Dry Eye Disease in a Patient with Charcot-Marie-Tooth Disease: A Case Report

BACKGROUND Charcot-Marie-Tooth disease (CMT) is a hereditary neurological disorder that primarily leads to peripheral neuropathy, characterized by progressive muscle weakness, atrophy, and loss of sensation in the extremities. It can also present with some ocular manifestations, such as glaucoma, nystagmus, and cranial nerve involvement. The purpose of this article was to report a case of severe dry eye disease (DED) possibly associated with Charcot-Marie-Tooth disease.
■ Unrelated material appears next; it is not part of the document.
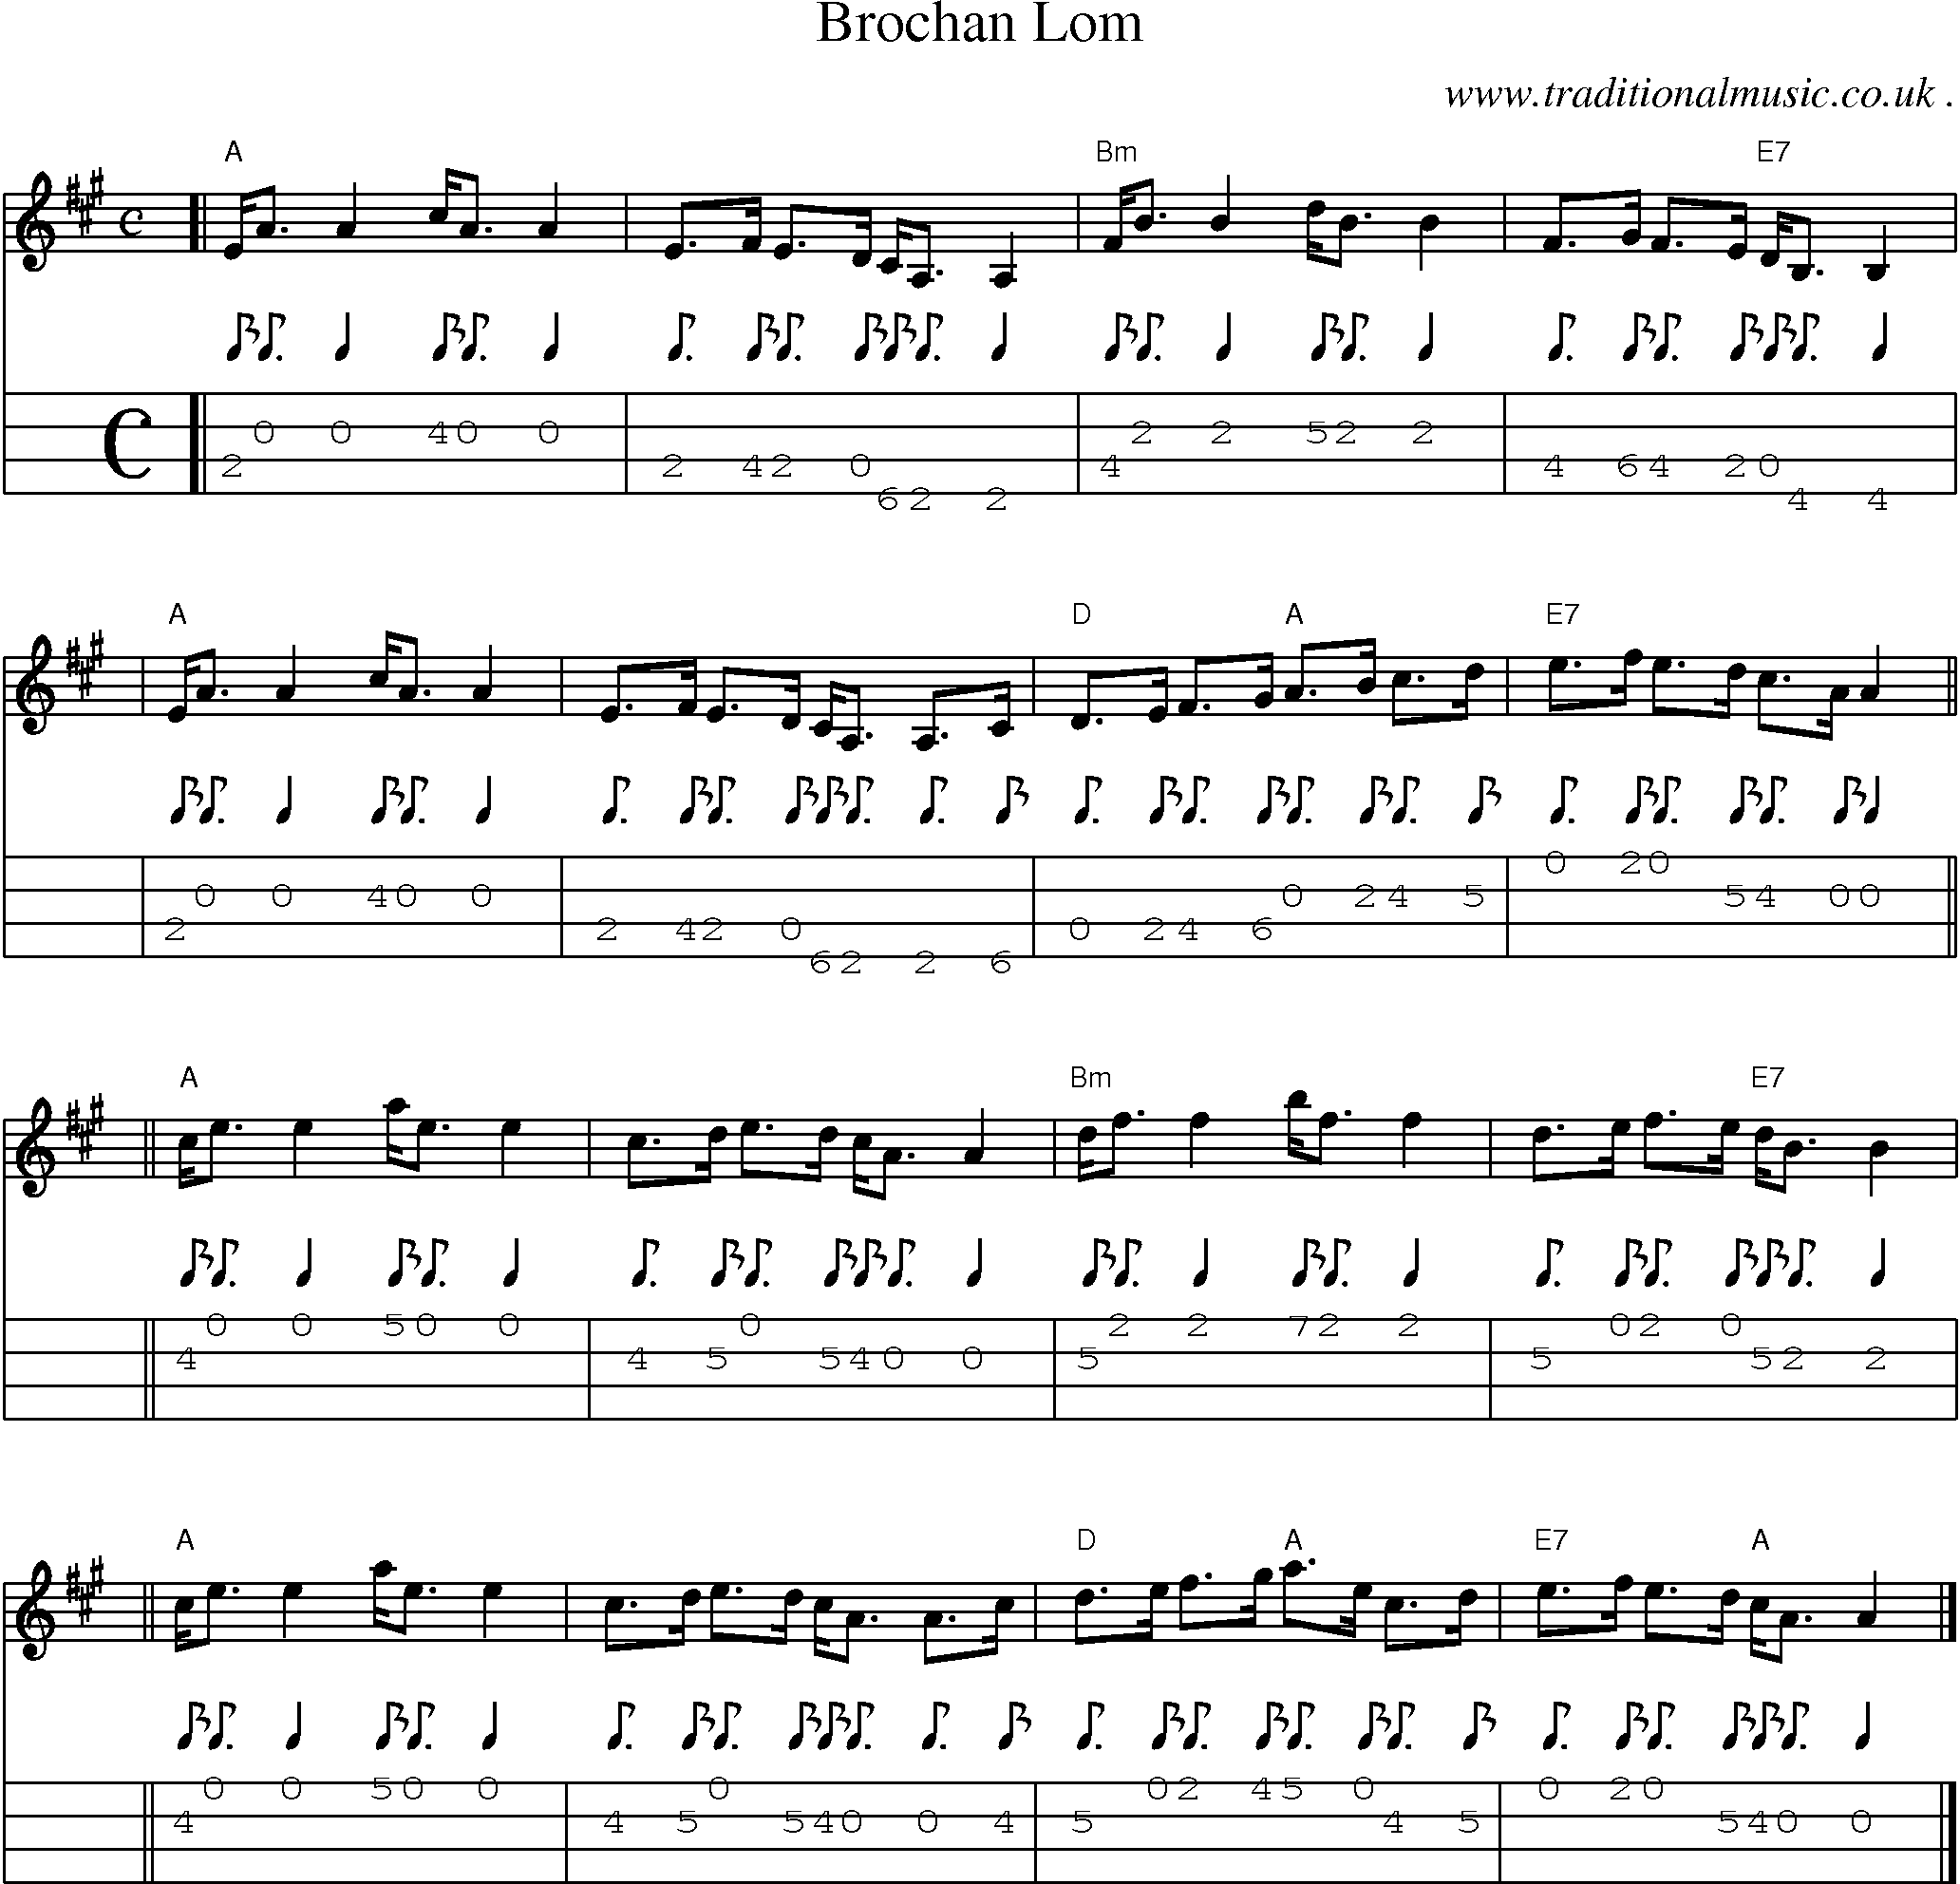 Sheet-music  score, Chords and Mandolin Tabs for Brochan Lom

CASE REPORT We report the clinical presentation, workup, and management of a woman diagnosed with CMT type 2EE based on genetic testing who suffered from severe DED sequelae. The patient had regularly followed up in the cornea service at our hospital due to DED for several years. A thorough workup to exclude causes associated with dry eye disease, including rheumatoid factor, erythrocyte sedimentation rate (ESR), anti-nuclear antibody (ANA), anti-Sjögren's-syndrome-related antigen A (anti-SSA), and anti-Sjögren's-syndrome-related antigen B (Anti-SSB), were performed, and all came out negative. She recently presented to the emergency room with redness, tearing, and a decline in visual acuity after minor ocular trauma 3 weeks before her presentation. The slit lamp examination showed central corneal perforation measuring 2×2 mm with a positive Seidel test. The case was managed first by multiple attempts to seal the defect with cyanoacrylate glue, and then a patch corneal graft was performed as the anterior chamber failed to deepen. CONCLUSIONS DED may be one of the many ocular manifestations associated with CMT. Hence, a thorough assessment and multidisciplinary approach, including supportive therapy, are warranted to prevent long-term ocular sequelae, including visual loss.